The tournament proceeded apace outside the tower. Veronica glanced contemptuously at the dirty men trying to bash each other over the head in various uncreative ways. Then she focused all her attention on Duke.
She unfastened the dress, her fingers precise and dextrous, sweeping over grommets and buckles and buttons and fine lacings. The outer shell first, peeling apart the embroidery hard as armor, the tips of her fingers like ghosts on the edge of Duke's awareness, barely there at all. Then Veronica's breath was warm and human on the back of Duke's neck as she came closer. She released the cruel pins through Duke's hair, letting it fall freely across her face and shoulders. Next was the corset, Veronica leaning in close to unlace it from her front. The leather knots were tied viciously tight. Duke could begin to breathe again, though her breath was still shallow and quick and heaving, damp in small, swollen puffs in her lungs.

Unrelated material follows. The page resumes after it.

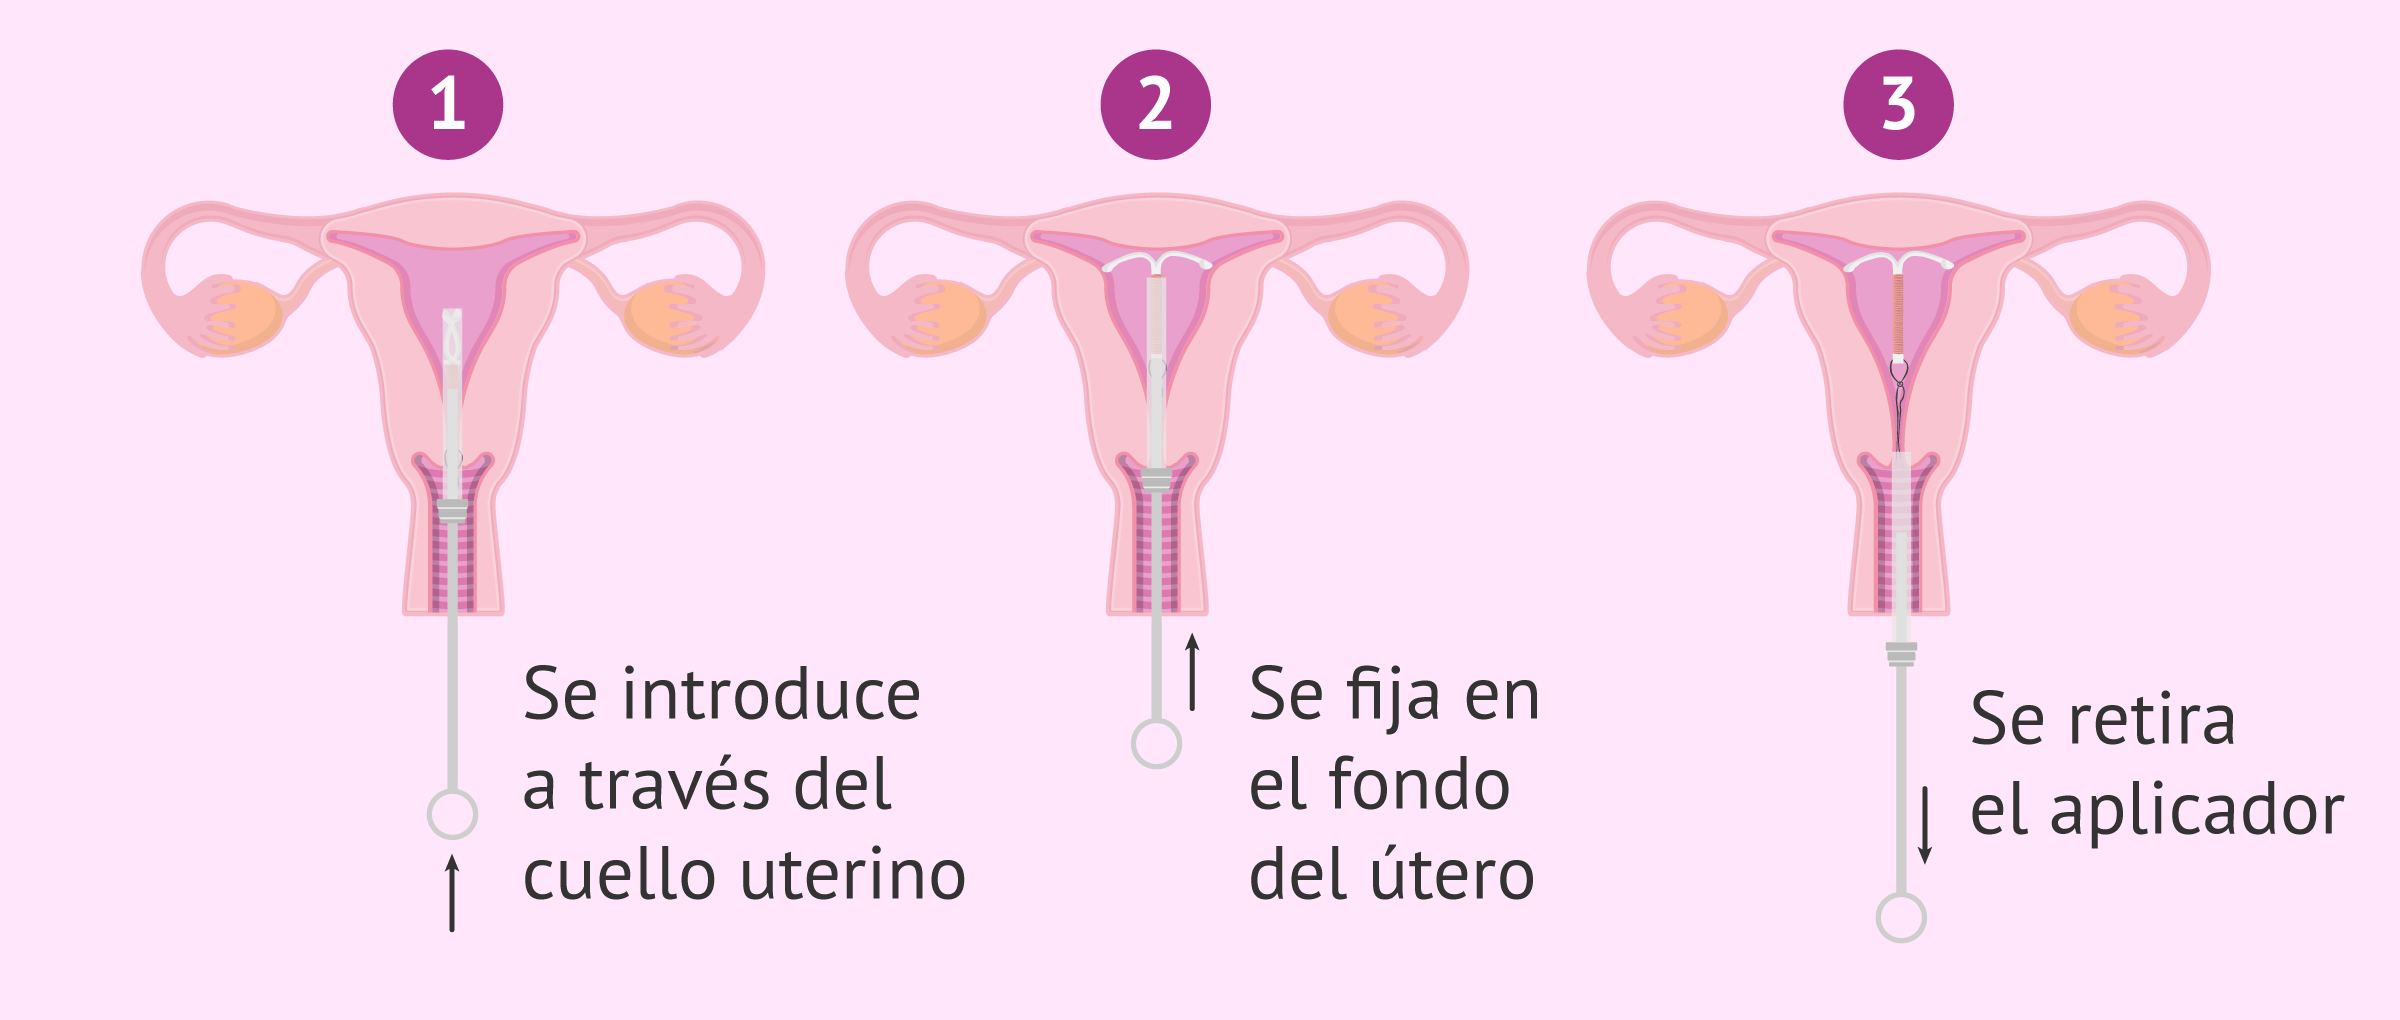 Colocación del DIU en el útero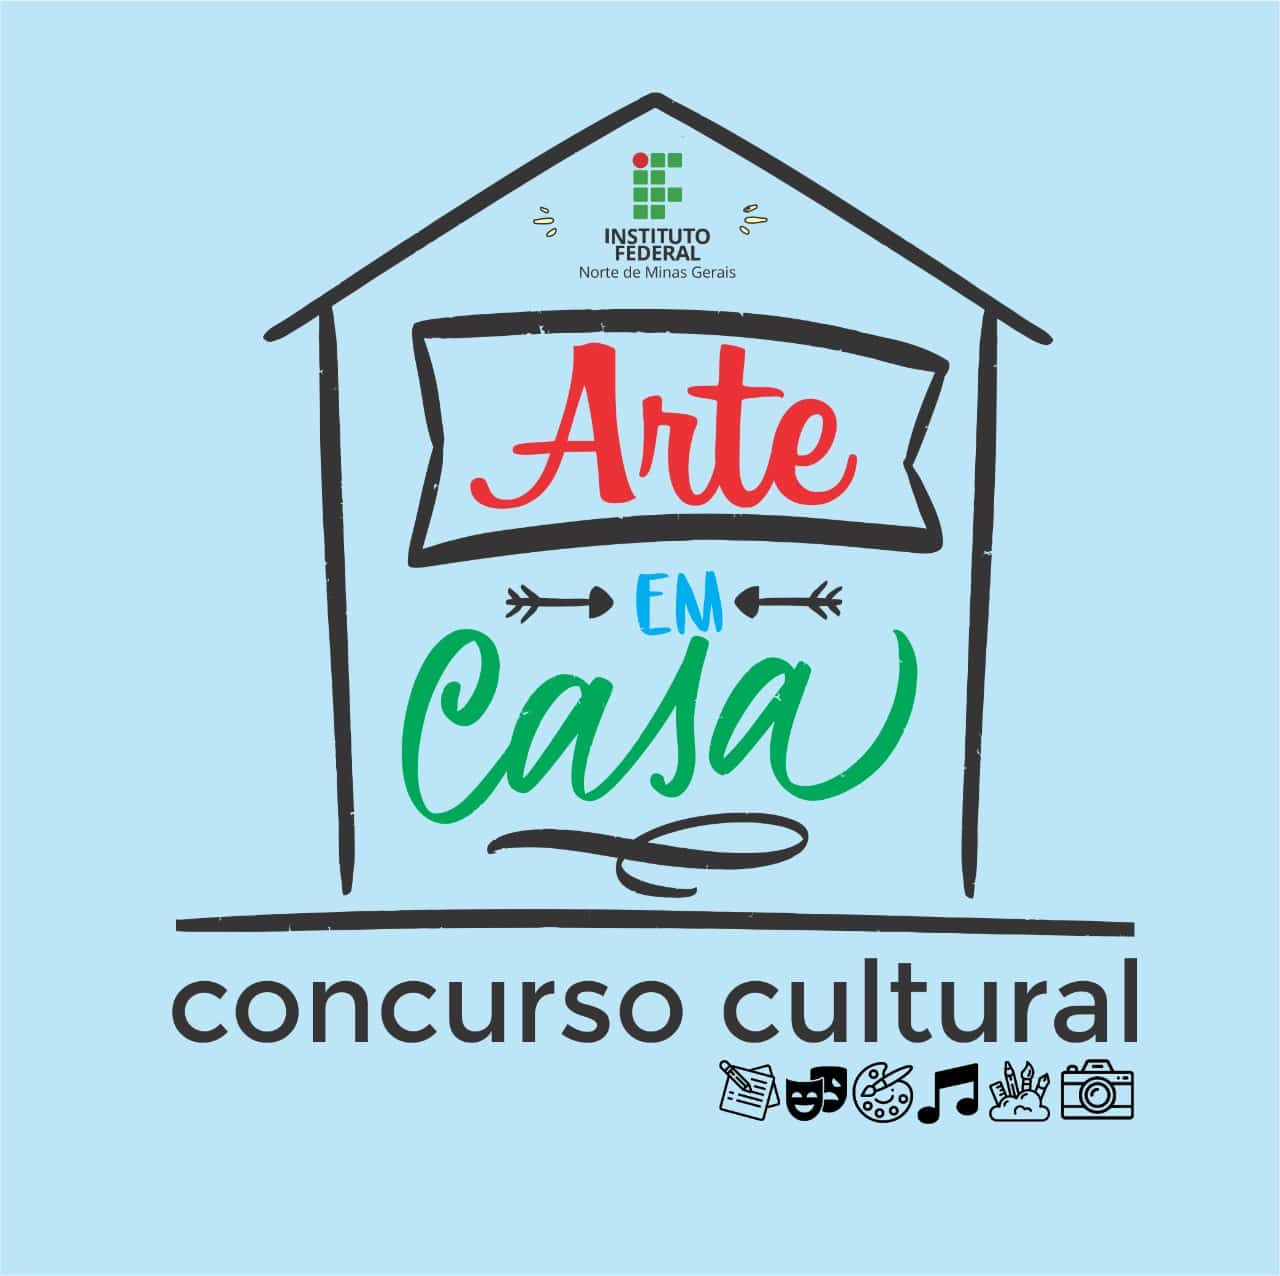 """Norte de Minas - Envie sua produção artística para o concurso cultural do IFNMG """"Arte em Casa"""" até 18 de maio"""

Veronica knelt in front of her to finish unlacing the corset. For a moment she reached out to the side. Her cool fingers brushed the inside of Duke's wrist, the vulnerable slow-beating pulse, as if she wanted to reassure her. The touch seemed enough of an exchange, permission given so quickly and surely. Veronica went deeper without needing to ask. Her hands gently parted the petticoats, plucked away the linen undershifts, unseamed the whalebone rods. She seemed to do it all as easily as touching a ripe apple and feeling it come into your hand.
Under it all, Duke was in a green turtleneck and jeans, like any boring ordinary human girl. At least these clothes were easy to move in.
"They're going to catch us," Duke said.
"No." Veronica touched a grubby finger to Duke's lips, silencing her, a glint of gleeful mischief in her eyes. "You were right. I have a power. I don't know what it was supposed to be in the real world, but here I can make people believe what I want them to believe."
Veronica reached for an old broom in the corner of the target. She put the elaborate clothes around it, dressing up a scarecrow figure with a stick for a face and a hank of straw for hair, elaborate dress and jewels forced around it to make it the princess they wanted.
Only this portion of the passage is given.